-- WHAT THE EXERCISE ASKS --
Starting with the line containing "Bowl of creamy" and going on through the line containing "FUTRE HOME 87/88 JERSEY image number null", return the lines of the data below exactly, and only those.

-- DATA SUPPLIED --
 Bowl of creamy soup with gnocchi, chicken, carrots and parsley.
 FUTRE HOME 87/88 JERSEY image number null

--

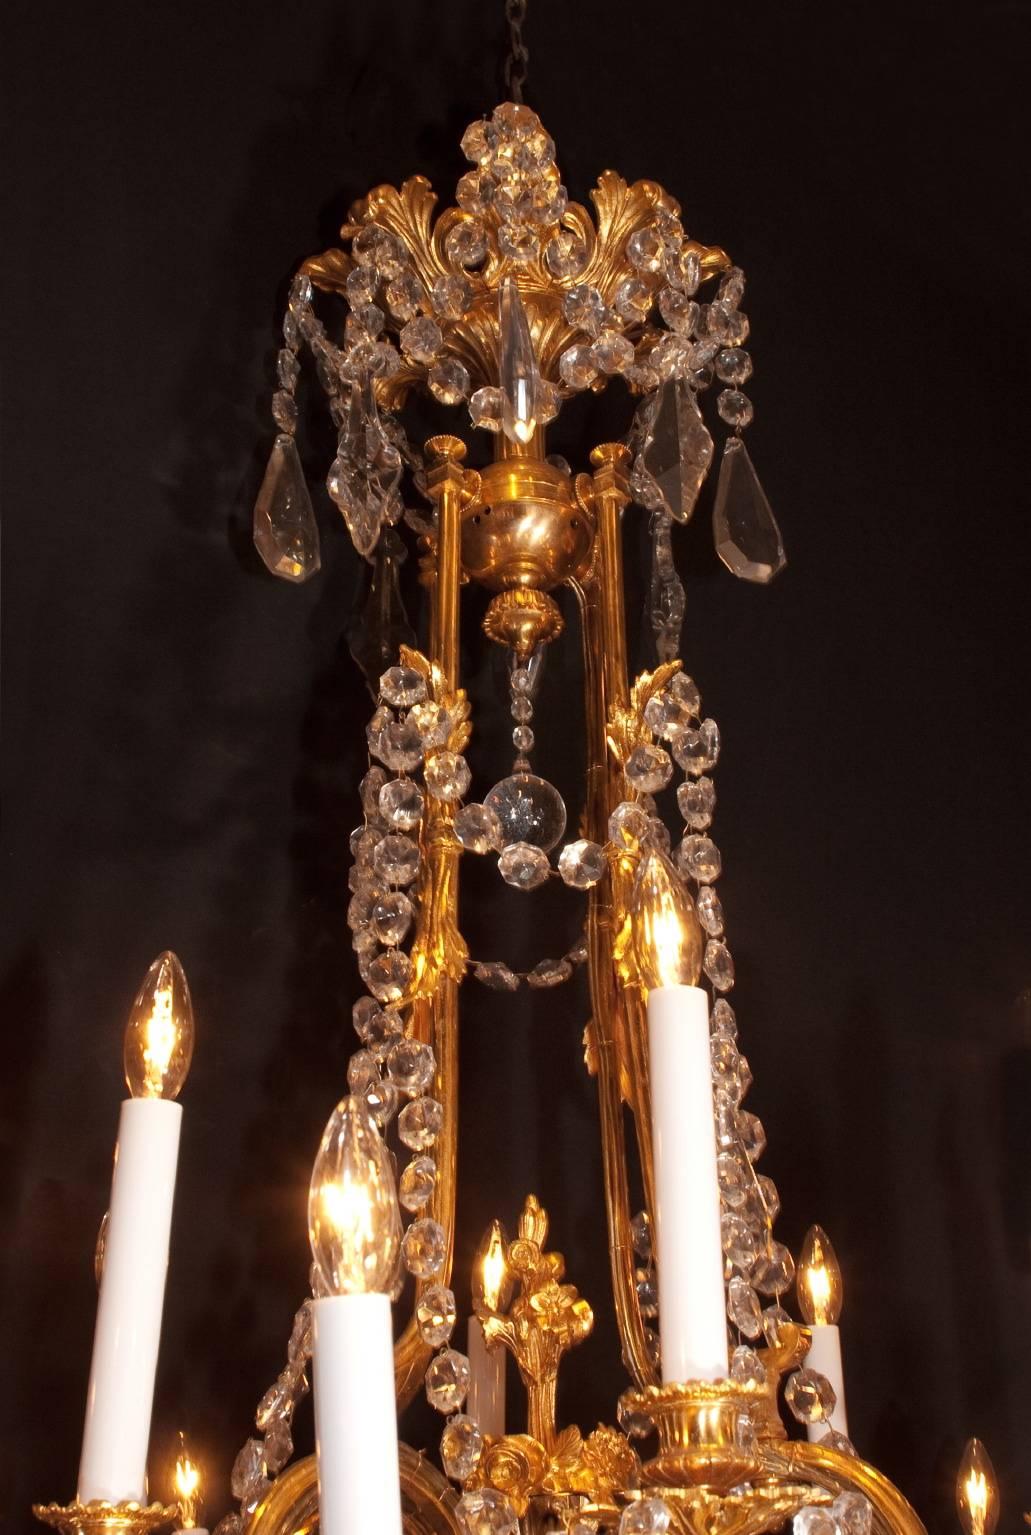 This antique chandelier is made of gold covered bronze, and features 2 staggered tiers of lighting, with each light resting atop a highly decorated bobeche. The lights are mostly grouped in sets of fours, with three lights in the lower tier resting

==

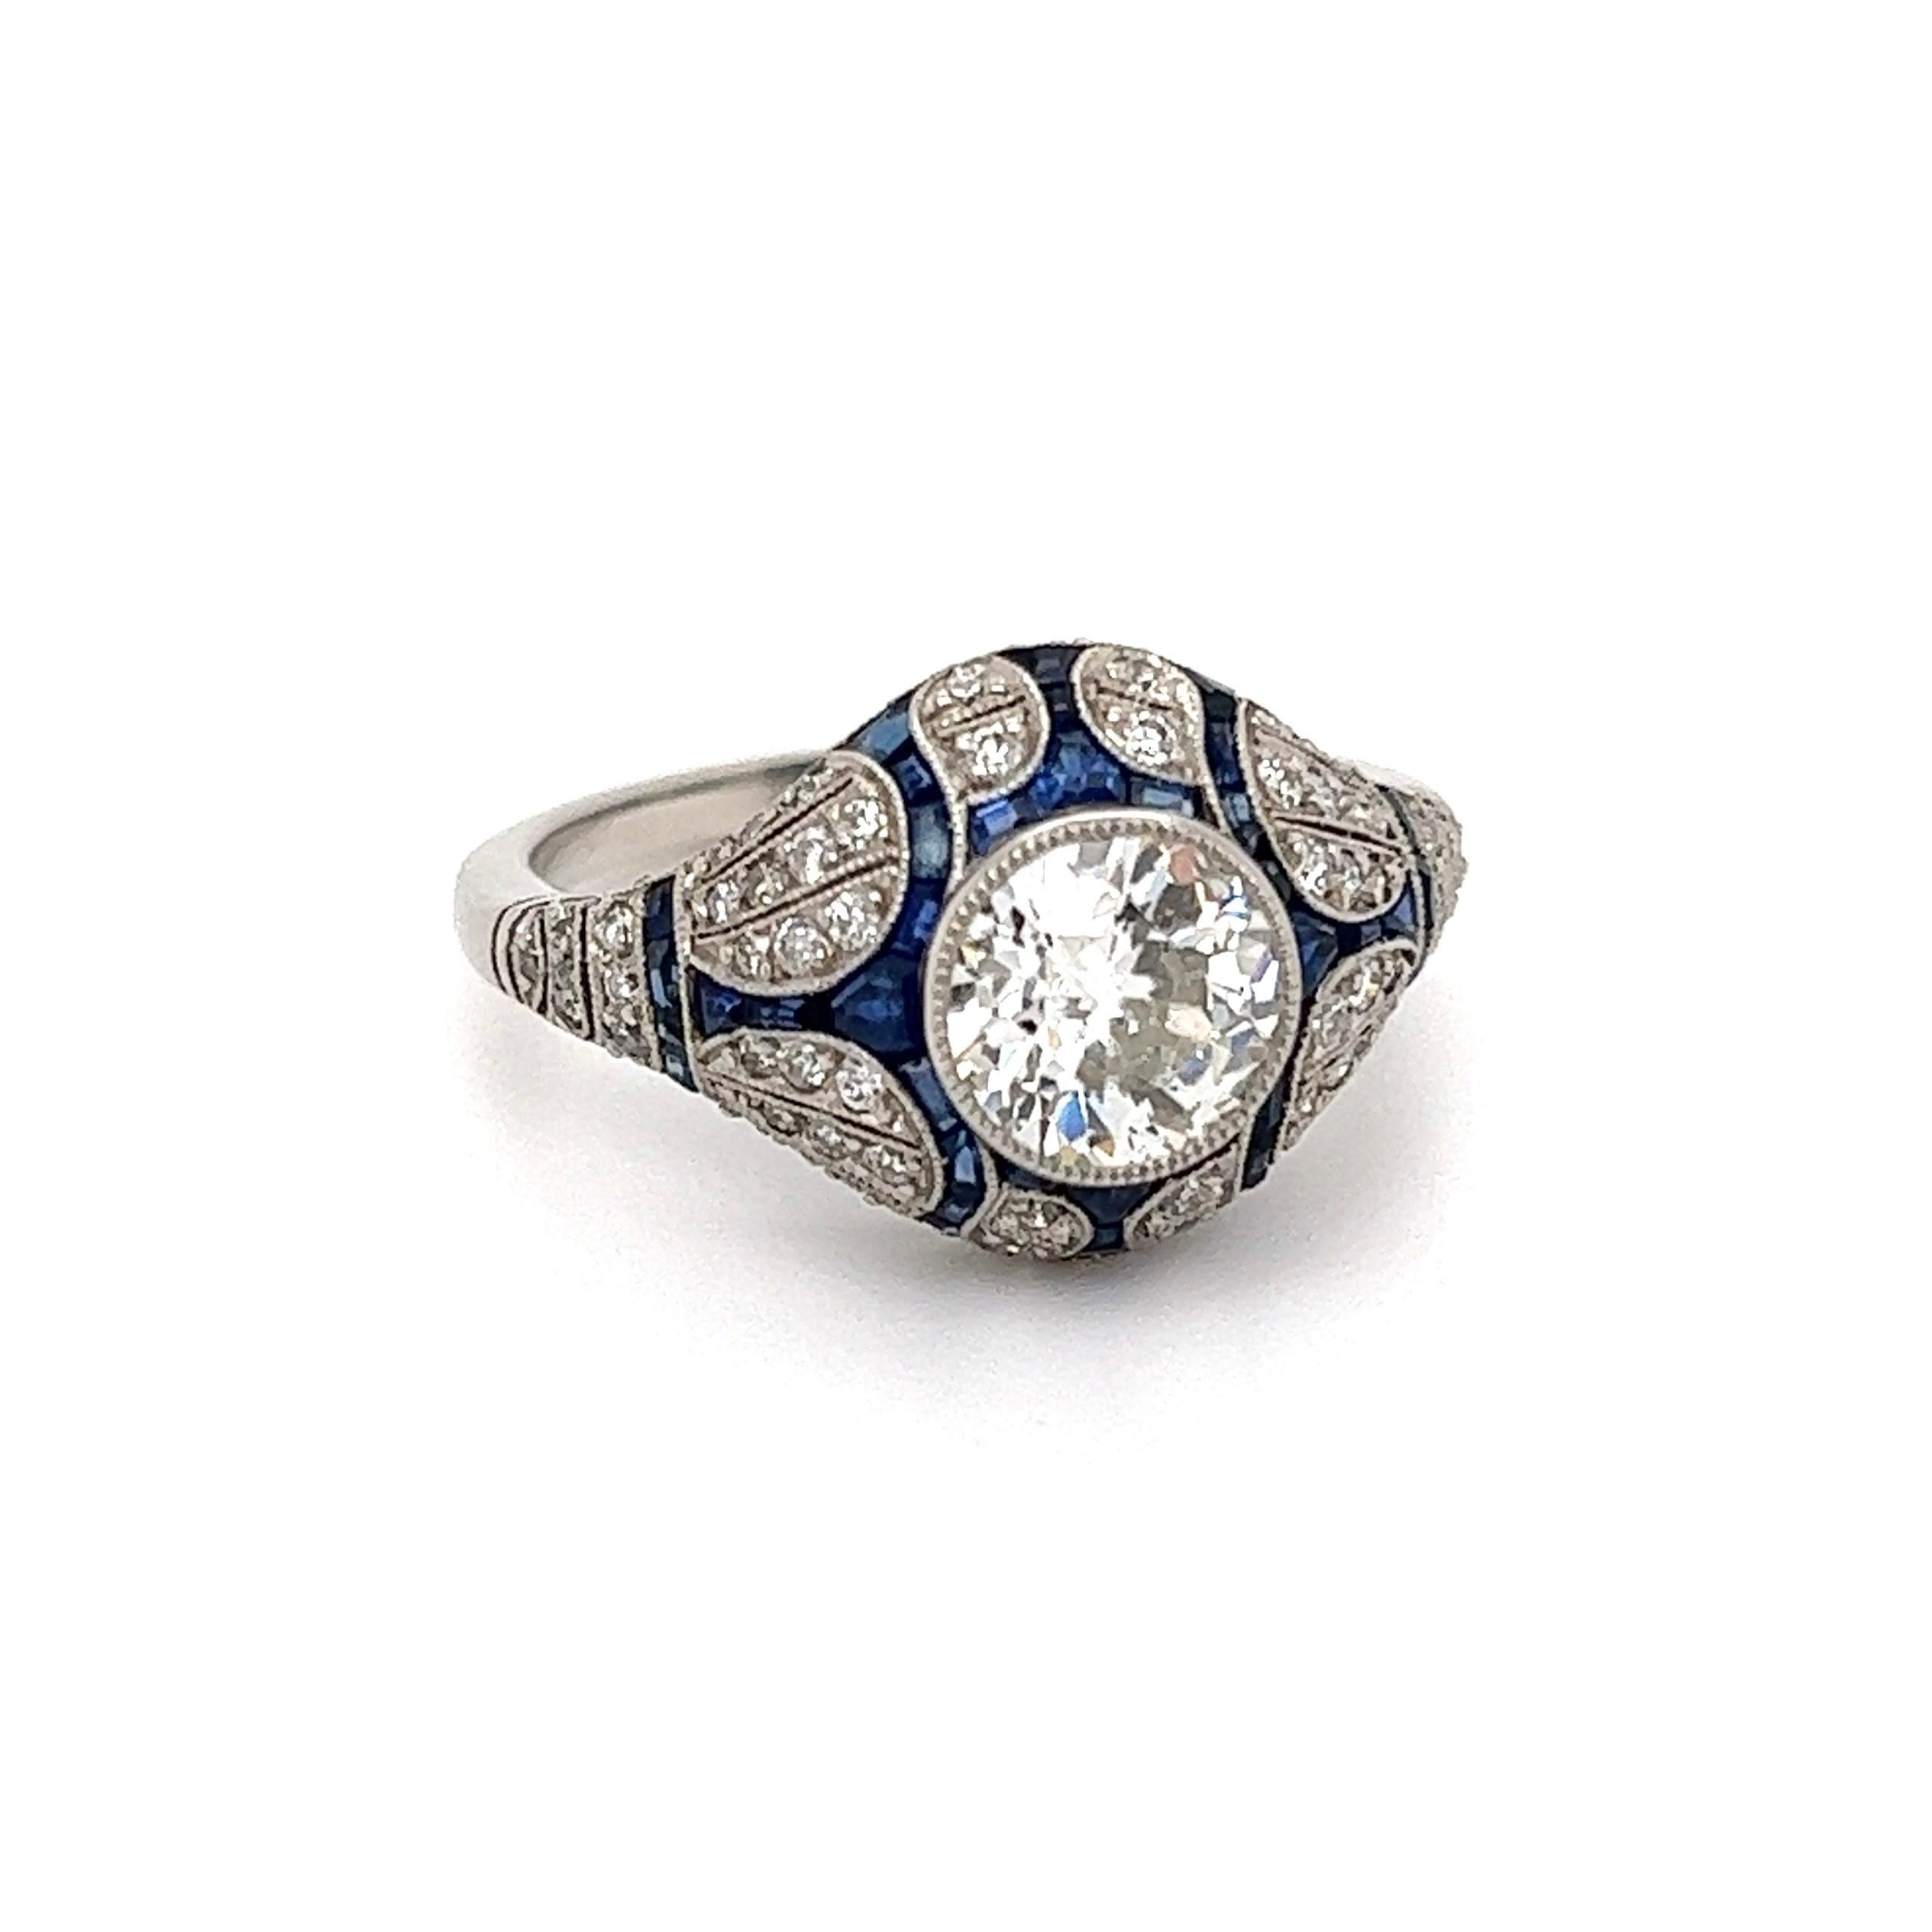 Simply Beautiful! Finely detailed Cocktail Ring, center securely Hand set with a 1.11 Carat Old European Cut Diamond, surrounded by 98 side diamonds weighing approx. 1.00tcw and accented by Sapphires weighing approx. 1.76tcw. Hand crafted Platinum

-- SOLVED PROBLEM --
 Bowl of creamy soup with gnocchi, chicken, carrots and parsley.
 FUTRE HOME 87/88 JERSEY image number null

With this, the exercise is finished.